Friday, December 30, 2011

Sanding, Liming, Finishing.


A quick update on the Bed Restoration Project. The simple radiata pine was sanded back 120, 180, 240, 300 with random orbit and the round over by hand. The timber then sealed with shellac and sanded again.


I chose a finish to match the Shaker Toy Chests. I'm using the same liming agent which is applied then wiped off the make the white shade. Then I'm using the thicker/ tougher feast watson satin varnish rather than the minwax poly which although nice to apply dented easily on the toy chest.



One day I'll clean up the shed...

Tuesday, December 27, 2011

Boxing Day Salad on a Lazy Larry Board


This Christmas I gave away a custom made end grain chopping board from Larry at Lazy Larry Woodworks. This is the fourth board I've purchased from Larry. It is a solid Australian made product and once again delivery was on time.

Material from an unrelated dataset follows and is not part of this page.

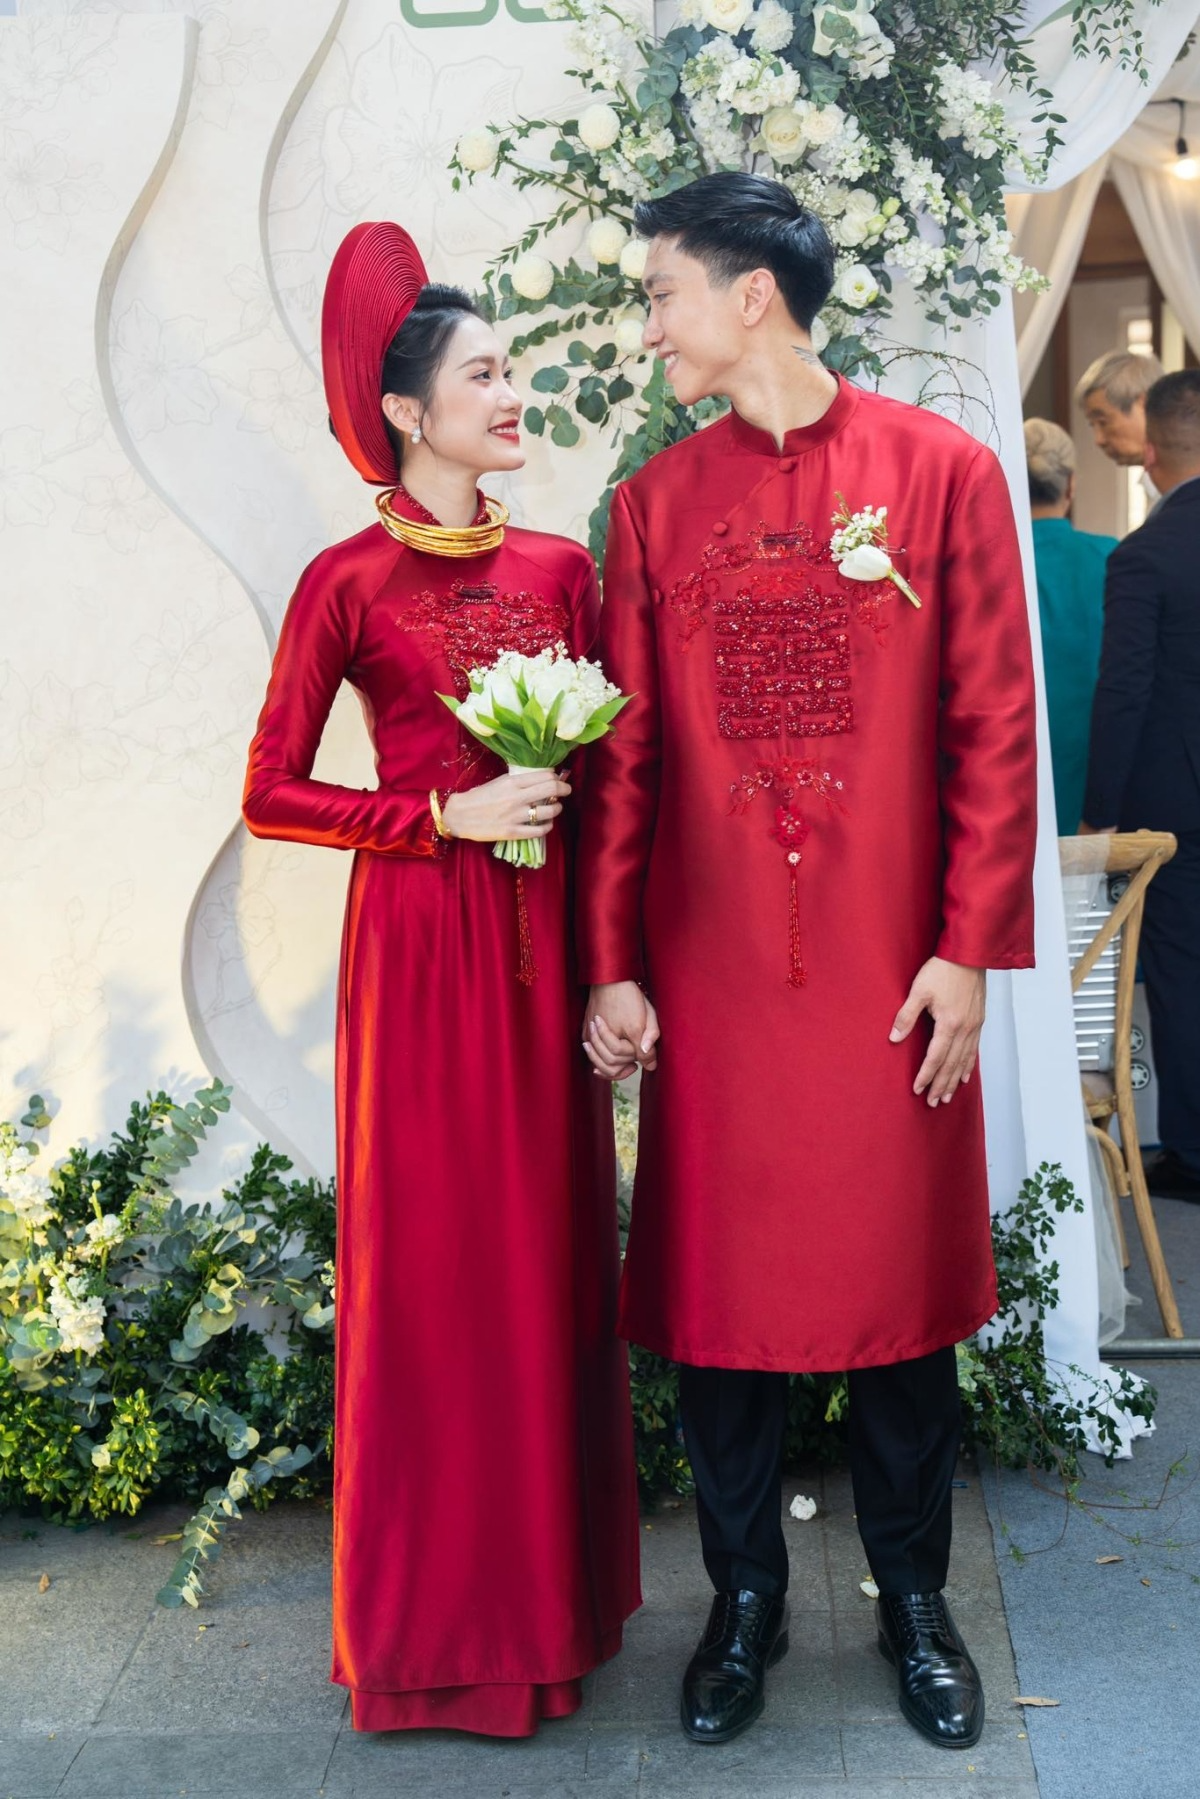 Bóc giá' ba chiếc áo dài cưới chục triệu của mẹ vợ Đoàn Văn Hậu

The board is 400 x 460 x ~30mm in size. Formed from Australian timbers Melaluca, Acacia, and Mango. And made in the 'Double Step' design. The wood fibres are arranged vertically resulting in the 'end grain' surface. Not only is this more decorative and stable, but it is also gentler on the knifes as the fibres will split around the blade.

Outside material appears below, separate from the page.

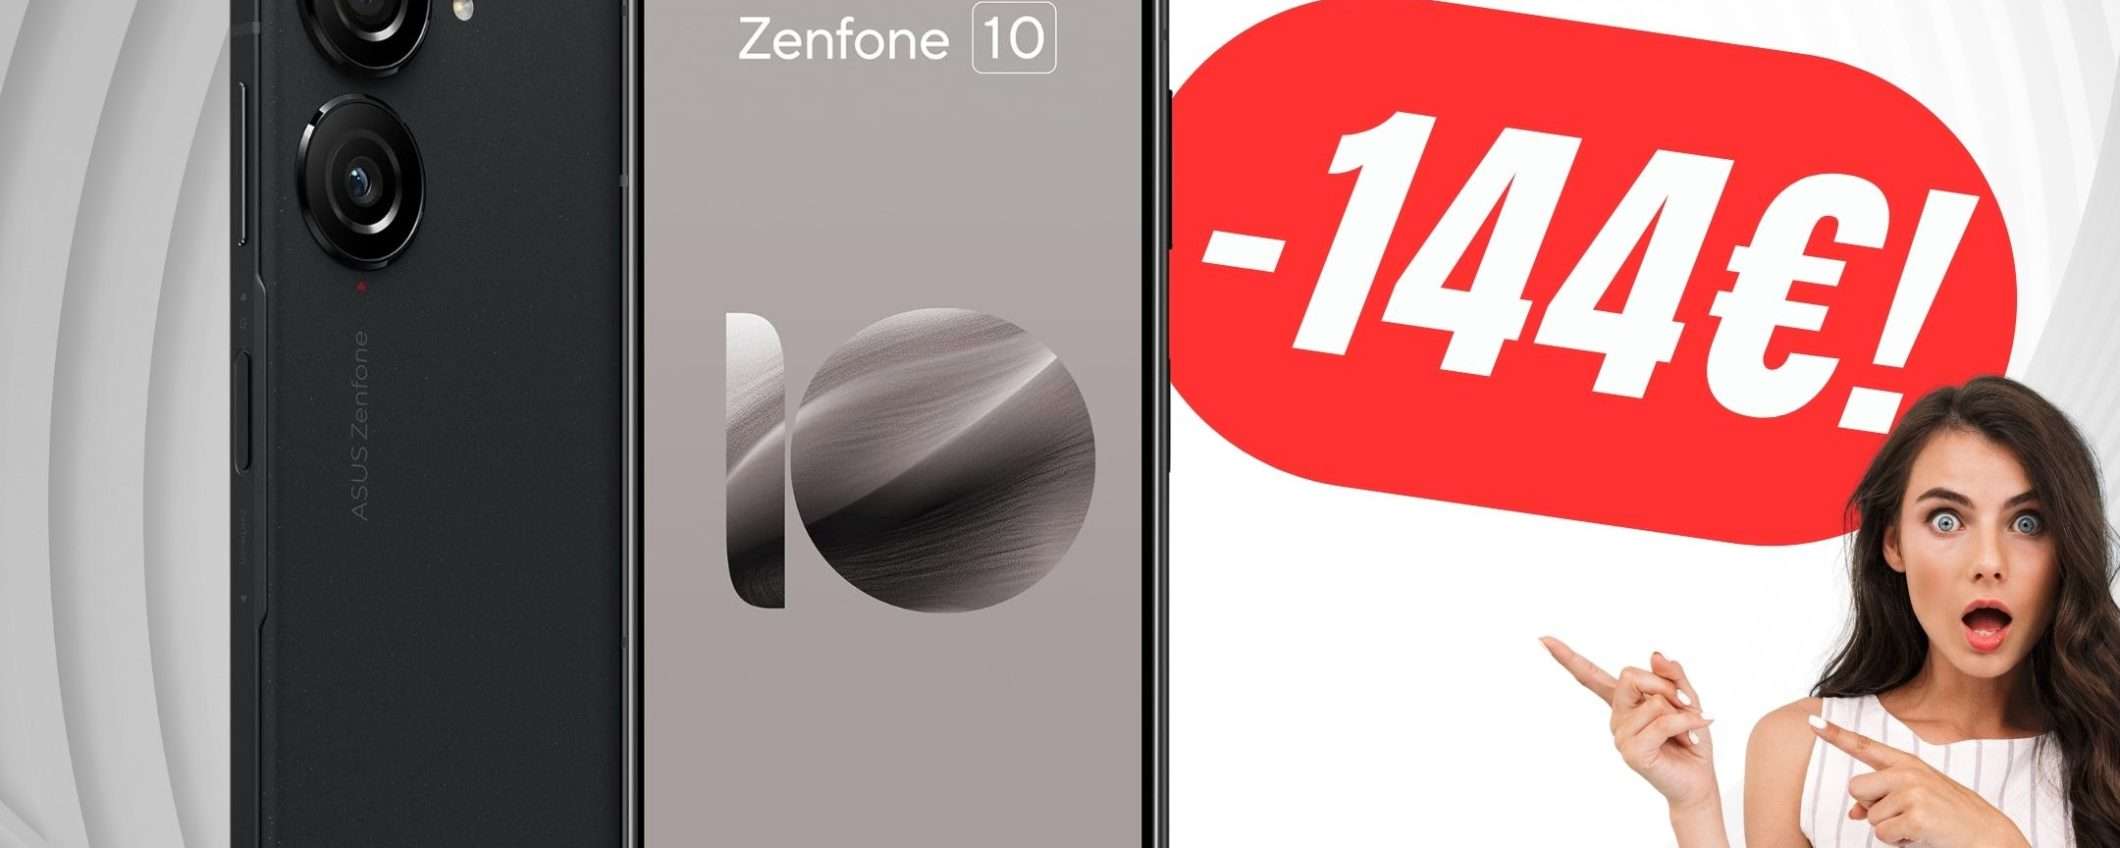 ASUS Zenfone 10 è scontato di ben 144€!

For more information check out Larry's website or email him directly.

Saturday, December 24, 2011

Merry Christmas


Christmas in Australia is a great celebration. It’s a time to remember the year gone by, a time of rest, a time to eat lavishly, a time to decorate the office and home, and a time for friends and family.

Christmas traditions have a rich and eclectic history. Our modern plump and generous Santa stems from legends of Saint Nicholas, the fourth century Turkish bishop. The plastic Christmas tree that fills our lounge room is inspired by a sixteenth century German tradition. And elves… actually I don’t know how elves fit into it.

In our family, at Christmas we celebrate the birth of Jesus. We remember that God entrusted a young faithful mother with bringing Him into the world. And we are mindful that He did not remain a baby in a manger, but grew up to teach of God’s love and purpose, and to fulfil His mission as the one who would bear the punishment for humanity’s rejection of God.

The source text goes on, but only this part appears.